You Know All Those Polish Jokes?
They are true. I've been working with a Polish shipping company in Chicago trying to mail a package to Poland. One cannot use the post office because the package will never get where it's going - The Polish Postal Service will "lose" it but blame the USPS. Umm hmm. I'm sure it's the USPS that opens up my birthday and Christmas cards too. Anyway, this company is quite good and trustworthy but when I call them in Chicago do they speak English? No. Obviously, they want to exclude Americans from using their service. A little silly considering there are 300 million Americans living in the US and only 1.5 million Poles. Also, they are based in Chicago and last time I checked that was in the United States where you know, people speak English (or Spanish but I doubt many Mexicans are shipping to Poland so I can understand that).So eventually I was transferred to the person I wanted to speak with and he promised to fax me the customs forms directly. As an American, I expected that to happen the same day. As someone who has dealt with Poles, I should have known that meant sometime the next week.
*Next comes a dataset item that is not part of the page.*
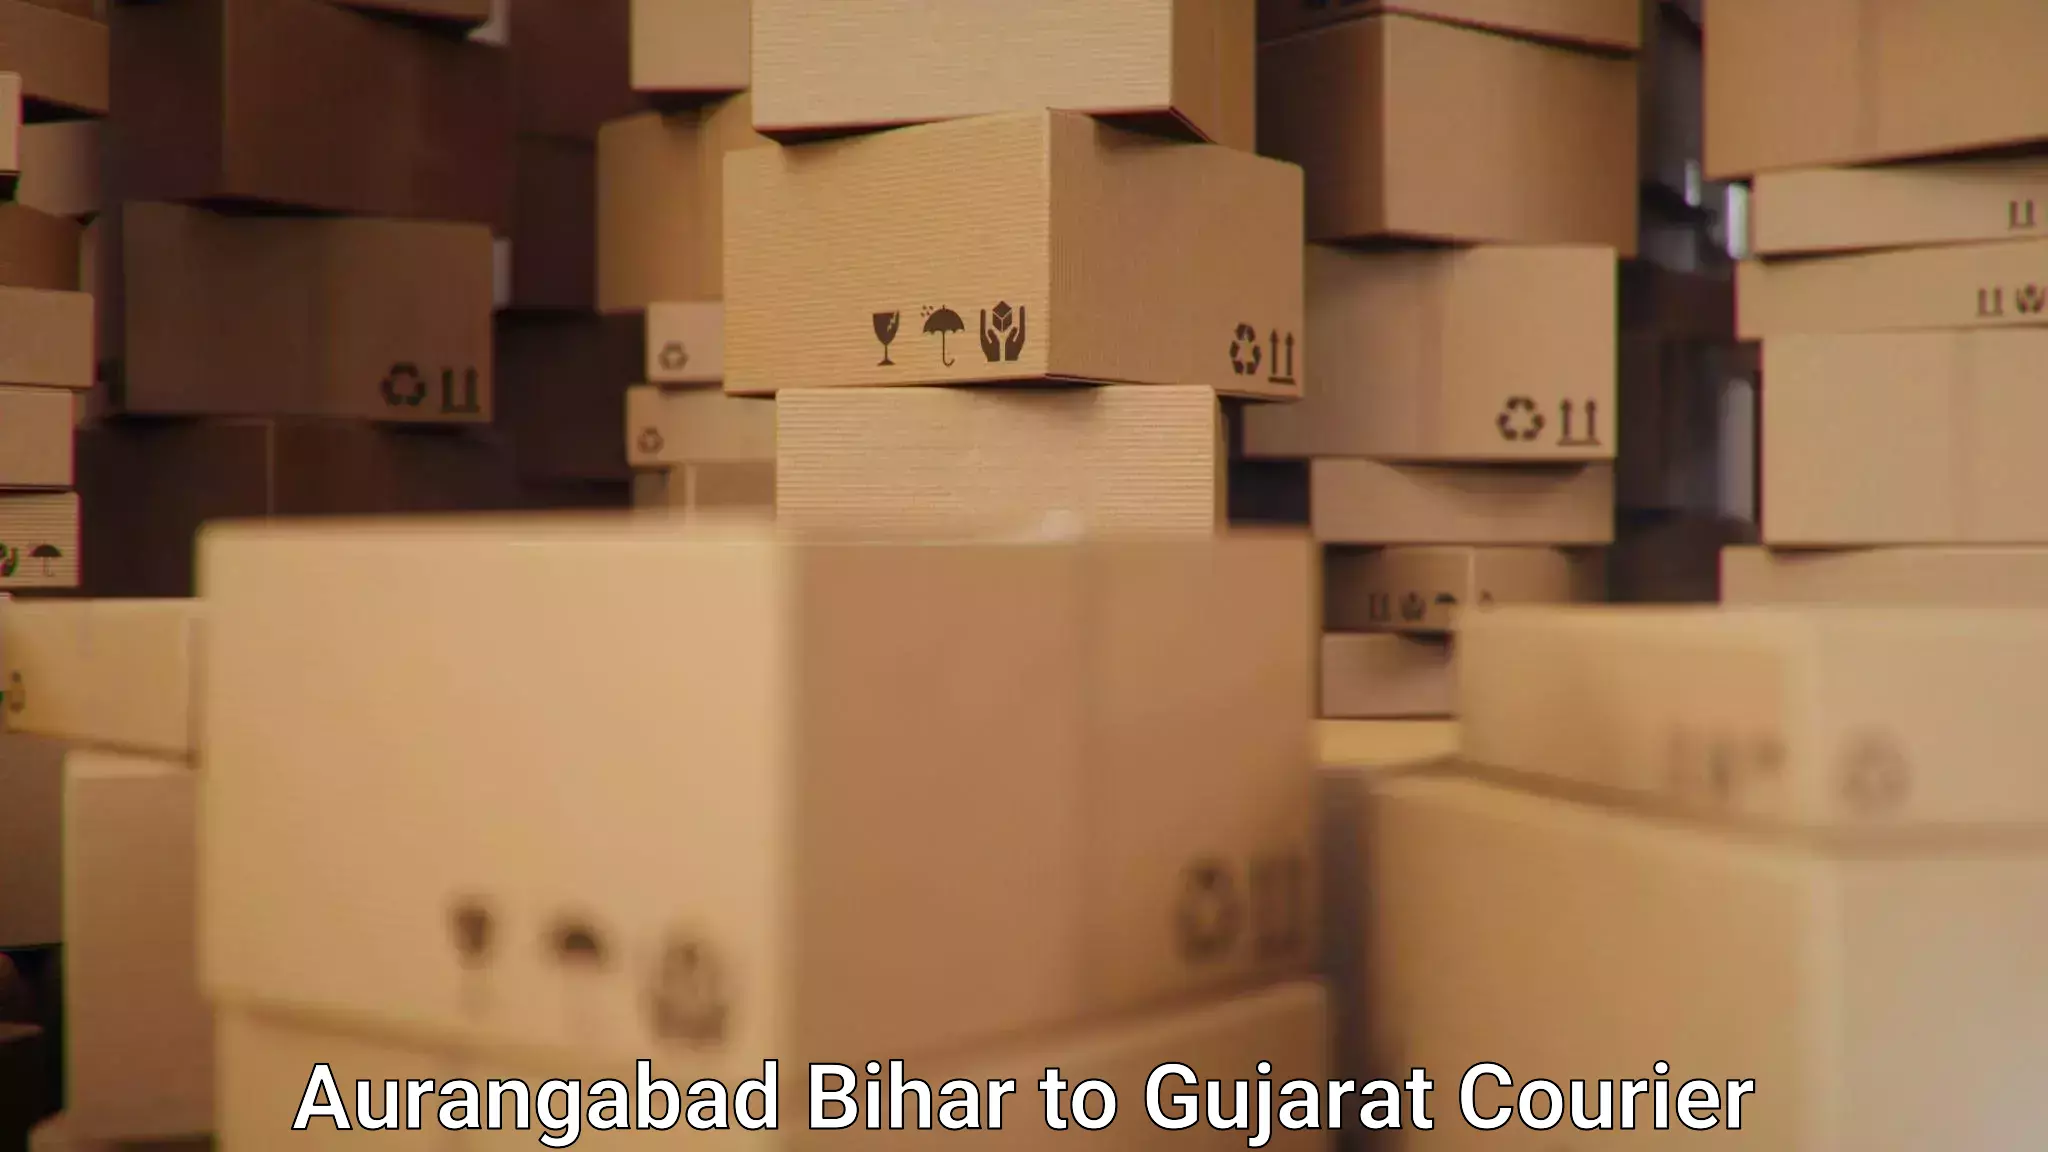 Reliable courier service Aurangabad Bihar to Dahod

Then I took a look at these customs forms. What the hell? There are fields where you have to describe what's in the package. Categories include:
Clothes
Socks
Shirts
Pants
Jackets
Dresses
Men's
Women's
Children's
Cocoa
Food
Chewing Gum
Candy
Chocolate
Raisins
Now can you explain to me why there is a general category for clothes, then specific clothing items, then men's, women's and children's? Or why raisins gets its own category? Are raisins not food? Are many people shipping raisins to Poland?
My favorite category is Vegeta. I'm assuming this is for vegetables, but you can't ship produce so I'm confused. Also, the entire form is in Polish and English and the Polish translation is also Vegeta (Polish word for vegetables: Warzywa). I don't get it. Also, no category for books, toys, things that people generally ship. Whatever, I'm making up my own categories.